The disciples would have had all of this in mind as they took in the view. The Second Temple was a sad reminder of what once was: a powerful nation, free of foreign entanglements. Even so, the building was magnificent. We get the impression that they were like hicks in the big city, staring up in amazement at the skyscrapers towering above.

The stones had been cut from massive limestone, weighing anywhere from a few tons to 160,000 pounds each. It may not have compared to the original, but it was still quite the sight to behold. Surely nothing could be more permanent than this.

And yet, it was not to be.

The first thing Jesus tells his disciples is that these stones are nothing. They will be torn down, knocked over, such that even the mighty Jerusalem Temple would stand as a ruin – nothing more. History proved Jesus right. It was in the year 70 CE that the Romans did just that – knocked the Temple down, razed it to the ground. Even those permanent-looking 80-ton stones were demolished. They were broken down, repurposed, reused in other parts of the region. For those who saw the destruction with their own eyes, surely it must have seemed like the end of the world.

That’s the thing about the way we see the world, isn’t it? We are, by nature the extent of our years, short-sighted folk. It is hard for us to imagine things that predated us and will outlast us. In other places, there are ruins of bygone years – the pyramids of Giza, the coliseum of Rome, the temples of Machu Pichu – reminders that human history has a much larger footprint than the one that we can imagine. And yet, none of this is permanent.

We have this odd sense of the way time works. And we impose that view on the way we read the lessons of Scripture, don’t we? In some ways, it couldn’t be clearer. As Jesus paints the picture of the way it will all come to an end, he describes a world in which there are wars and rumors of wars. Nations and kingdoms will fight, he says, and earthquakes and hunger will rock the world.
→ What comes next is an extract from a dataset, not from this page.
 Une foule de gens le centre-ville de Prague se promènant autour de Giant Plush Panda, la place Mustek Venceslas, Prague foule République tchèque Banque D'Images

For more than 1500 years, people have tried to read the tealeaves, predicting that this season or that is the one that Jesus promised.
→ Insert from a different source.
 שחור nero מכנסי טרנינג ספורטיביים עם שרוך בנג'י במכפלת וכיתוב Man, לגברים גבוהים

2016 is no different. You would think that we would be used to it by now, but every four years, as a presidential race ramps up yet again, we are thrown into this sense that the world is shaken to its core, that things are about to explode, erupt, and that we are on the precipice of the end of history.

But look what Jesus says: wars, natural disasters, these are just the beginning. They are nothing. We will know that things are drawing to a close not when things are unstable. Rather, we will know that things are drawing to a close when the cosmos itself begins to change. The sun turns dark, giving the moon no light to reflect. The stars and planets will appear as though they have become unmoored from their fixed spots in the heavens.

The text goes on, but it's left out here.